The processing facility then sends John Smith several maps which show the areas where traffic problems are present and provides an alternative.

In this example, the user did not provide any audio recording. The Traffic application obtained results without the user specifically asking for information at the time the information was needed.

Non-Trained Voice Dialing Example

Mary has a mobile phone. Her phone contains contact information stored in a database on the phone. Mary uses a Contact Dialer application on her phone. The application periodically sends the contact information stored in the phones to the processing facility as additional information.

Mary presses and briefly holds the “5” key on the phone which she has assigned the Contact Dialer request process. The Contact Dialer asks, “For what name place?” which can be heard as a recording emanating from the phone.

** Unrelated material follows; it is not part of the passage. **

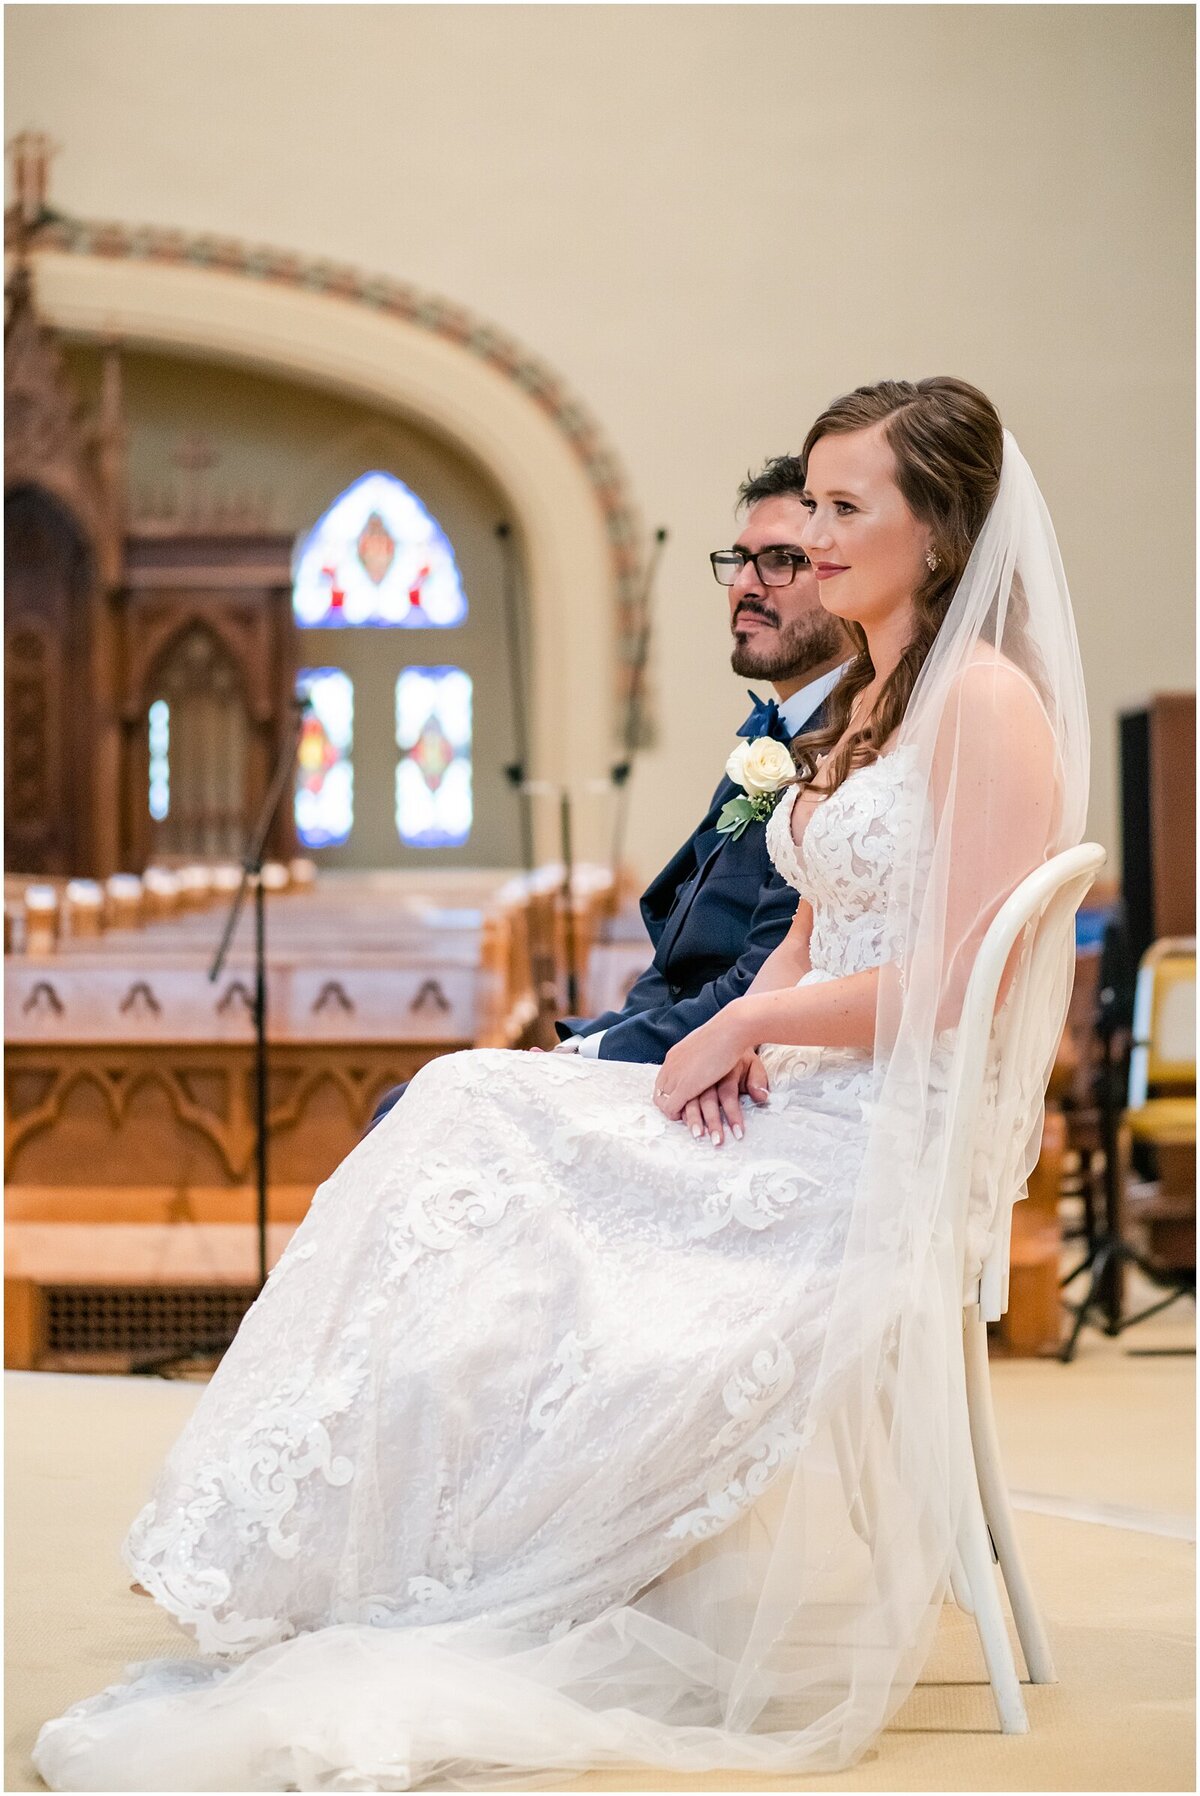 Melissa & Arturo Photography | The Veranda Wedding - Alyssa & Albert - Ceremony 155

Mary responds with “Call David at home”. The speech is recorded as an audio recording. Any required salient pre-processing and conversion is performed. In this example, the audio is cropped and the AMR codec and format are used. The audio recording is transmitted to the processing facility. Additional information indicating this is a request from the “Contact Dialer” application is transmitted. In this example the audio recording and additional information are send as a HTTP POST via a GRPS connection.

The processing facility receives the audio recording and additional information. The additional information indicates that the audio recording should be interpreted as a Contact Dialer request. An ASR grammar representing the contacts information previously uploaded is used as an ASR process. The result is the directive to call David at home.

The reply consists of information which, when received by the phone, invokes the phone's dialing facilities thereby causing David to be called at home.

In this example, contact information in the phone was used to facilitate a speech recognition process and, ultimately, a dialing process on the phone.

Personal Portal Example

In a personal portal integrated with a directory service, as shown in the previous example, the system reacts to the voice instructions of the requestor and of preferences previously provided by the requester.

For example the system may prompt the requestor with “What would you like to do?”. On receipt of instructions to “Call Mark”, the system looks for Mark in the requestor's personal contacts, finds the listing and calls.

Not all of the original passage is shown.